A group of Palestinians also arrived Sunday morning at the Egyptian side of the Rafah crossing border to return to the Gaza Strip, Egypt’s state-run Al-Qahera News satellite television reported.
Palestinians who returned to Gaza in the first few days of the crossing’s operation described hours of delays and invasive searches by Israeli authorities and an Israeli-backed Palestinian armed group, Abu Shabab. A European Union mission and Palestinian officials run the border crossing, and Israel has its screening facility some distance away.
The crossing was reopened on Feb. 2 as part of a fragile ceasefire deal that stopped the war between Israel and Hamas. Amid confusion around the reopening, the Rafah crossing was closed Friday and Saturday.

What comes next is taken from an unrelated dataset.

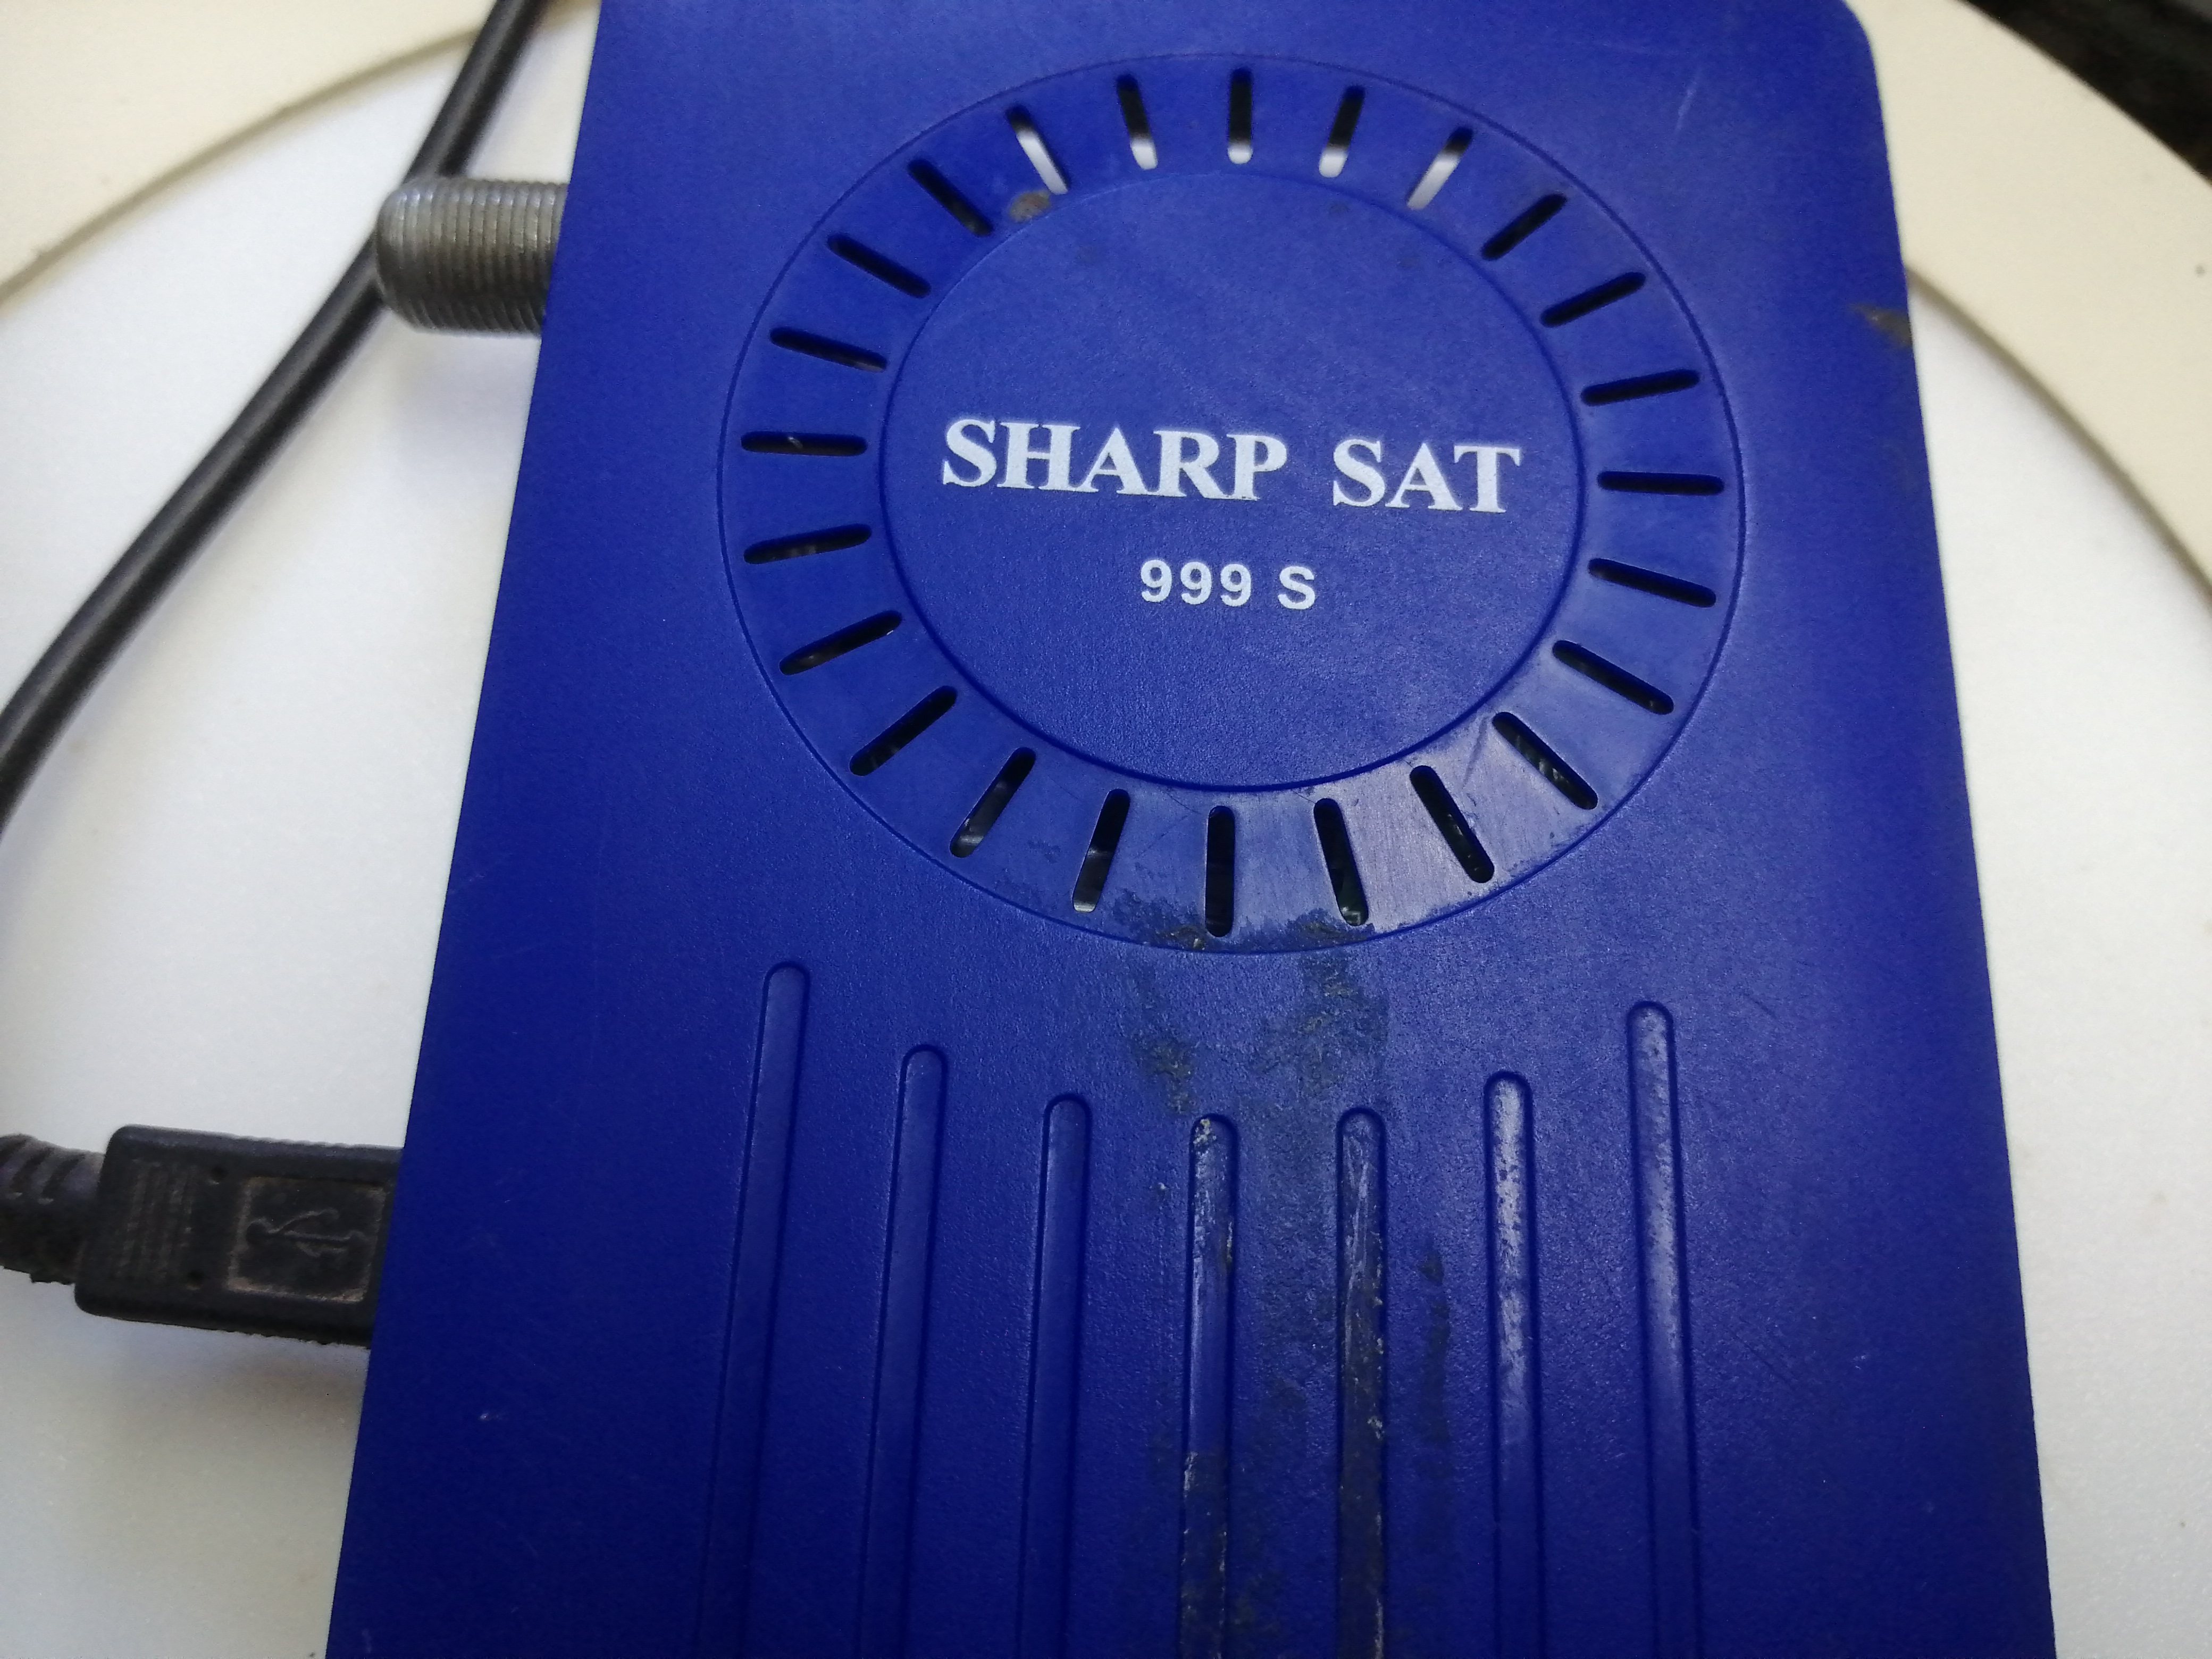  sharp sat 999 s 4.jpg

The Rafah crossing, an essential lifeline for Palestinians in Gaza, was the only crossing not controlled by Israel prior to the war. Israel seized the Palestinian side of Rafah in May 2024, though traffic through the crossing was heavily restricted even before that.
Restrictions negotiated by Israeli, Egyptian, Palestinian and international officials meant that only 50 people would be allowed to return to Gaza each day and 50 medical patients — along with two companions for each — would be allowed to leave, but far fewer people than expected have crossed in both directions.